┏━━

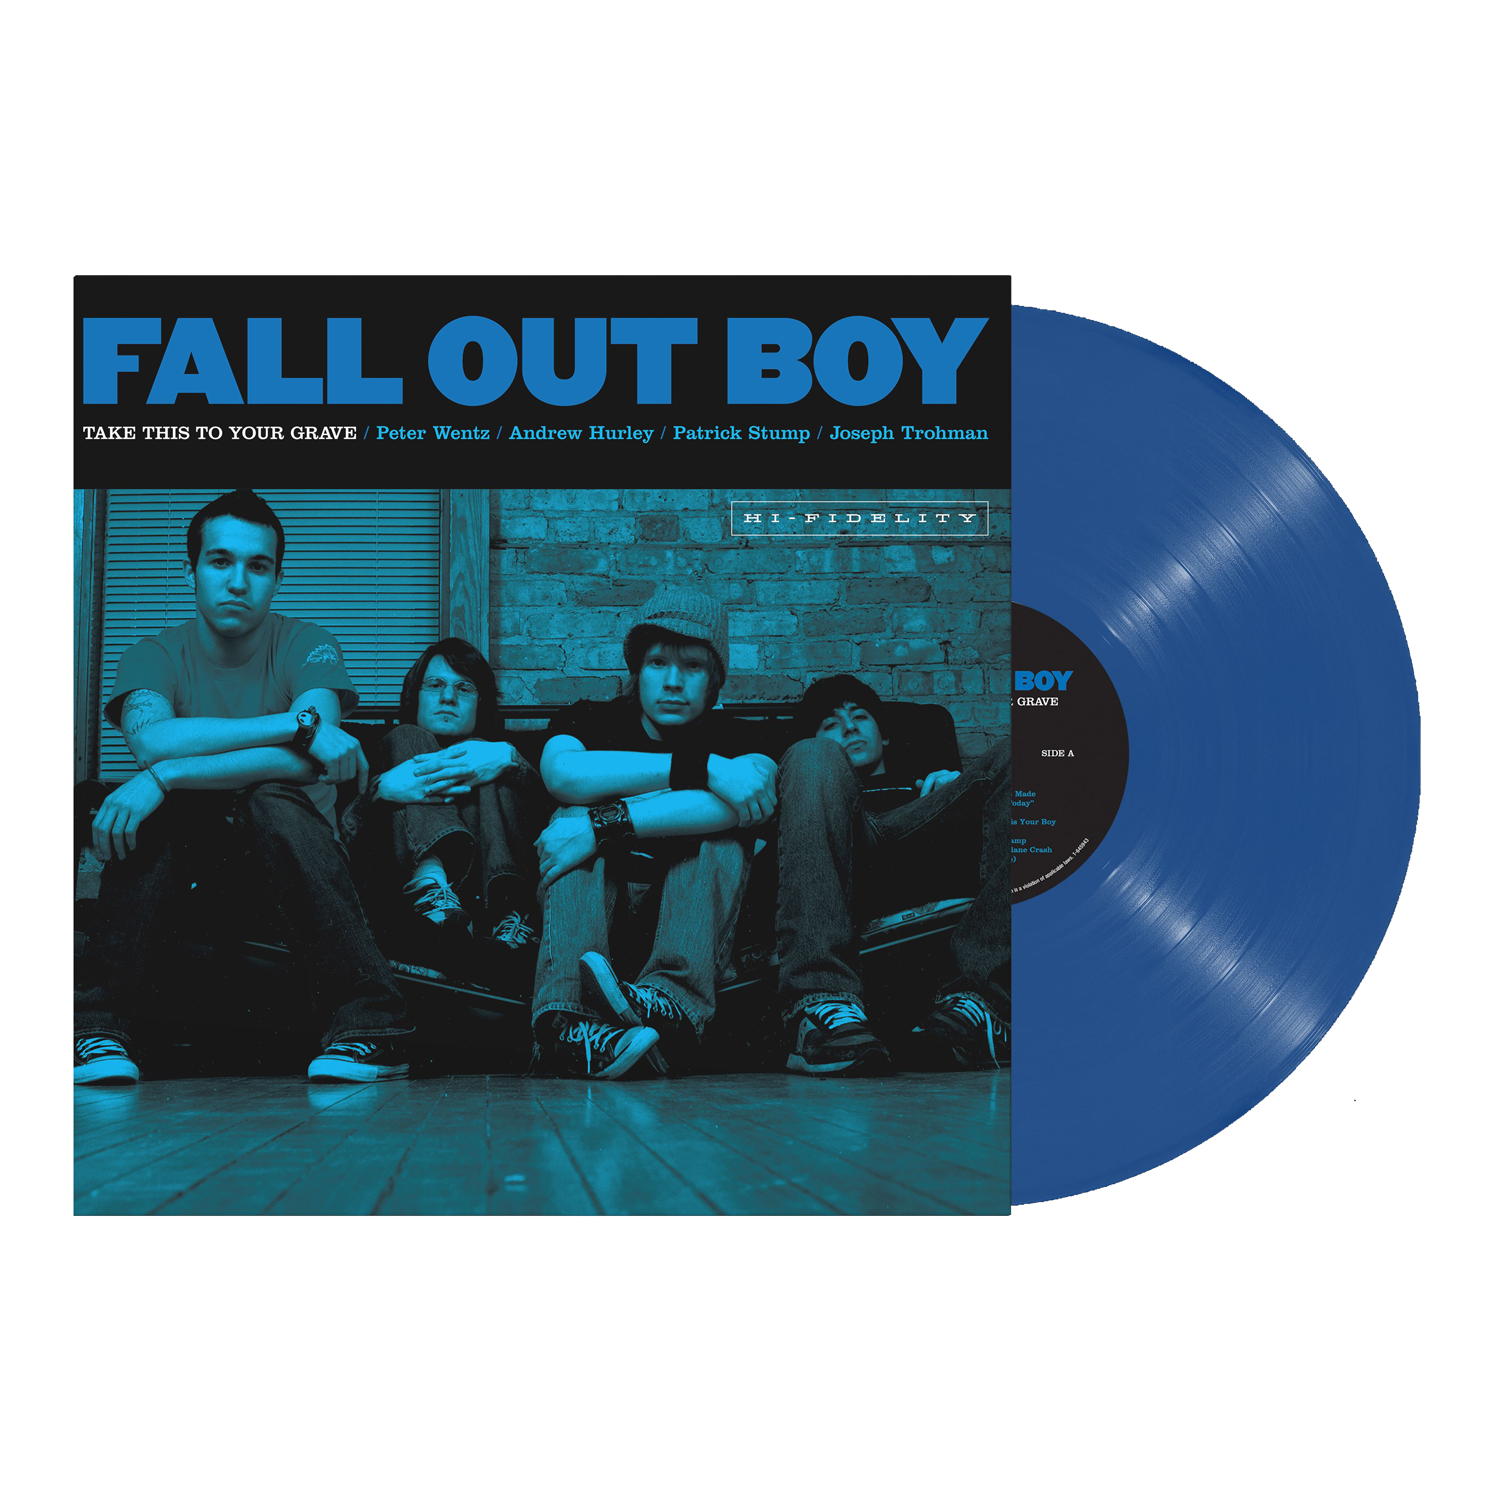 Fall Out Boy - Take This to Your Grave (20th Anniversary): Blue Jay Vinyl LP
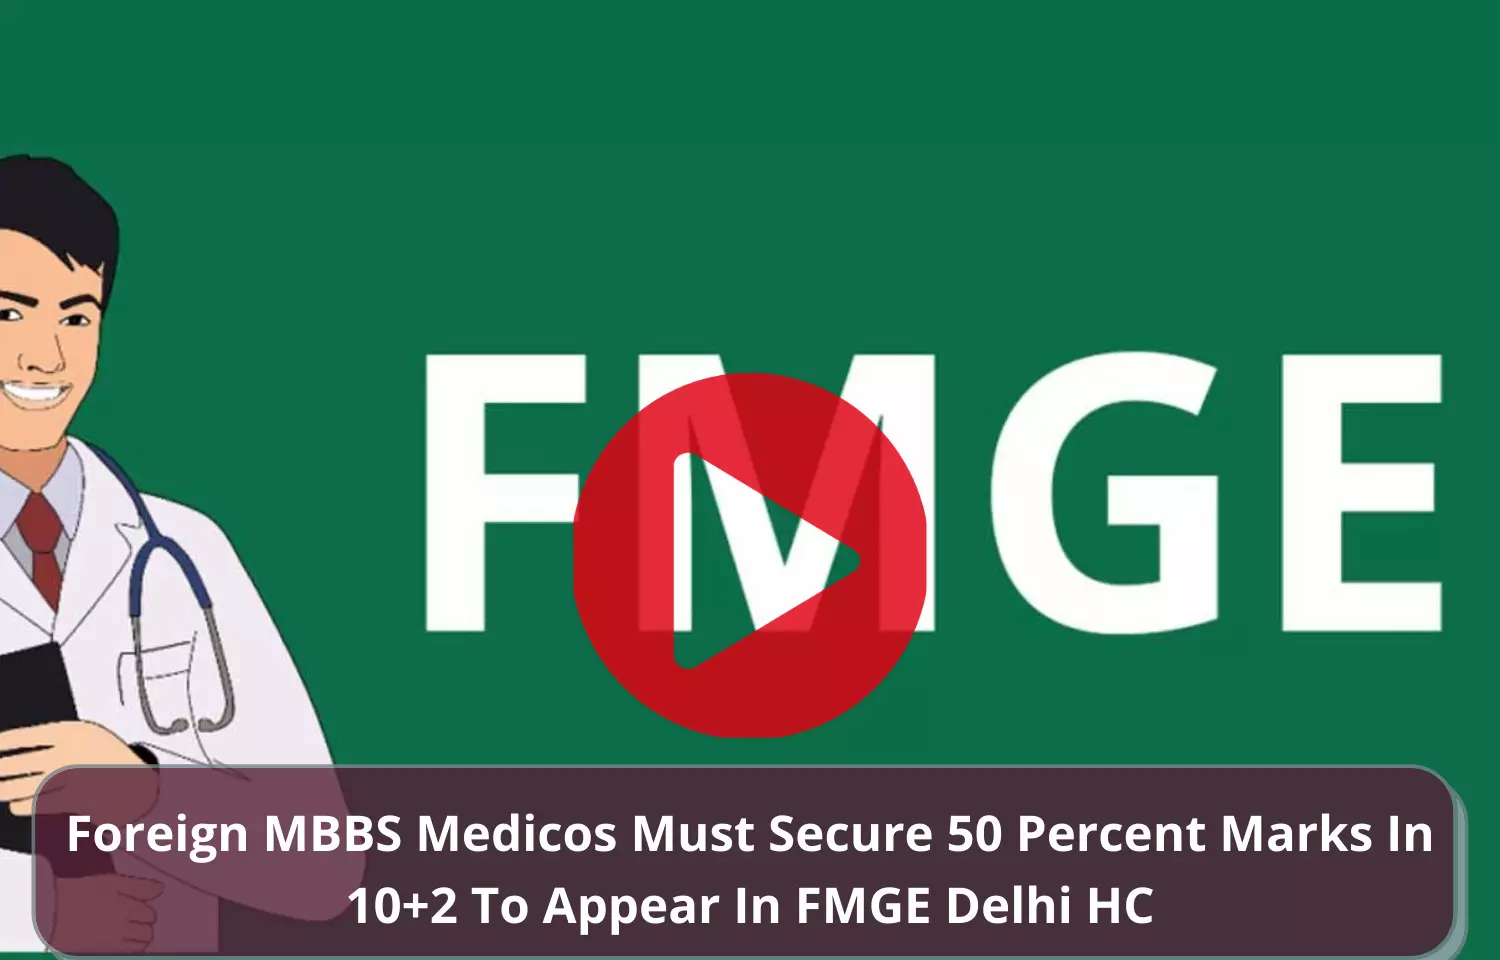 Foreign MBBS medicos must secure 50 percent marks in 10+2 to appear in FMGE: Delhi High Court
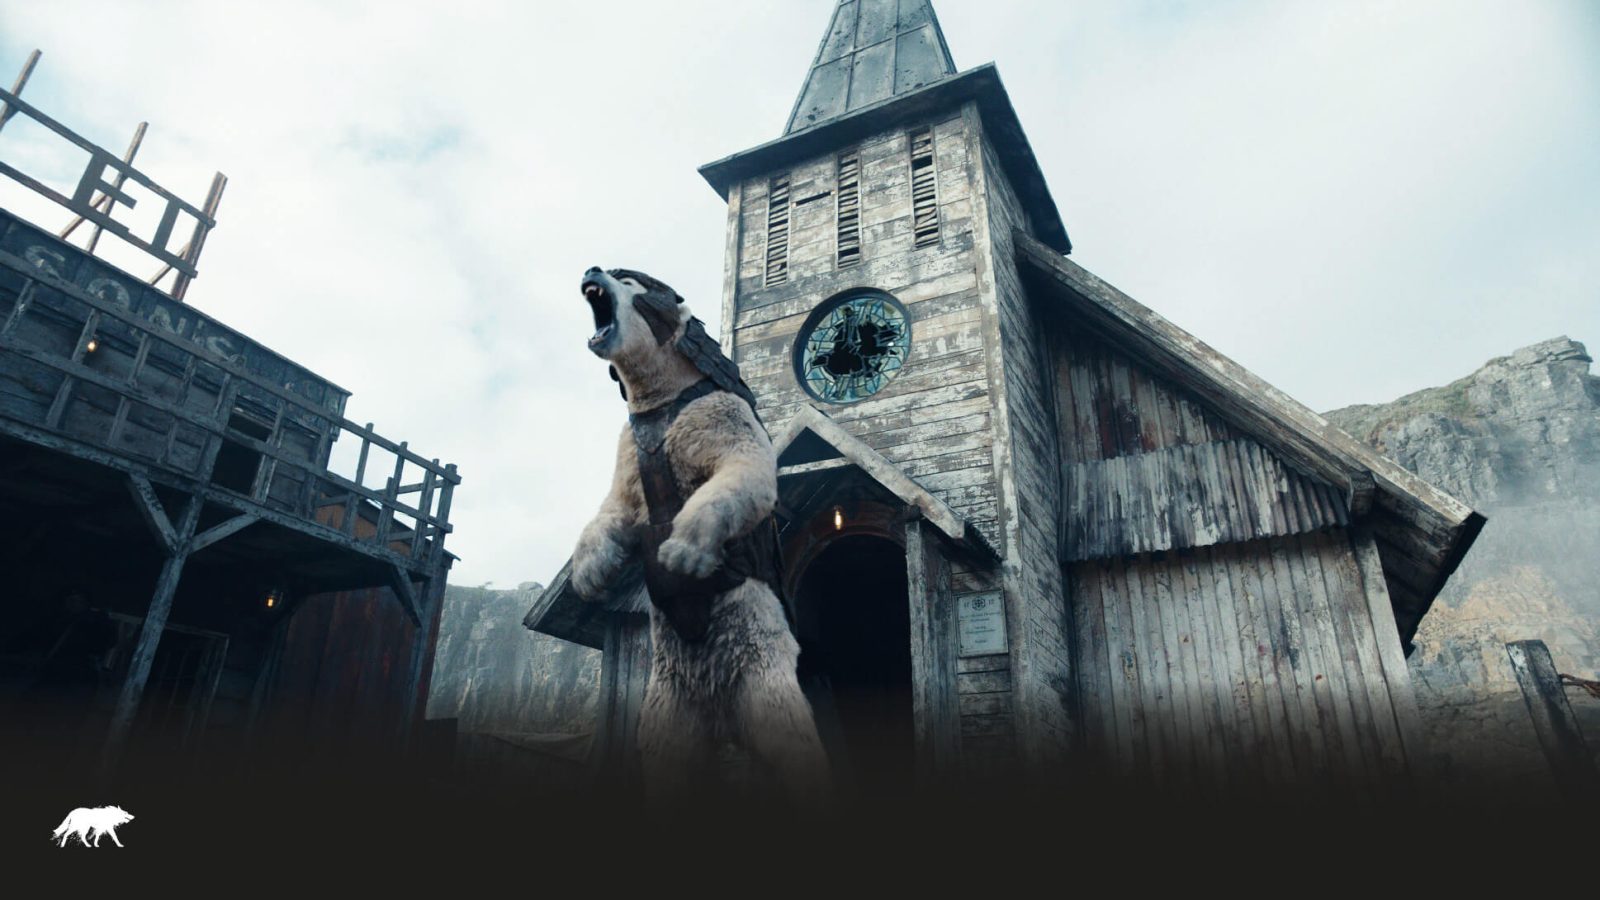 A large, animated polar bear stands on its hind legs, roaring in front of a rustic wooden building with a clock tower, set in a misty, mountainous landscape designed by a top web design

┗━━

▶ _Your goal_
Each line from the one containing "Foreign MBBS medicos" through the last line of the listing must be copied exactly, and the pictures must not be.

▶ _Solved exercise_
 Foreign MBBS medicos must secure 50 percent marks in 10+2 to appear in FMGE: Delhi High Court
 A large, animated polar bear stands on its hind legs, roaring in front of a rustic wooden building with a clock tower, set in a misty, mountainous landscape designed by a top web design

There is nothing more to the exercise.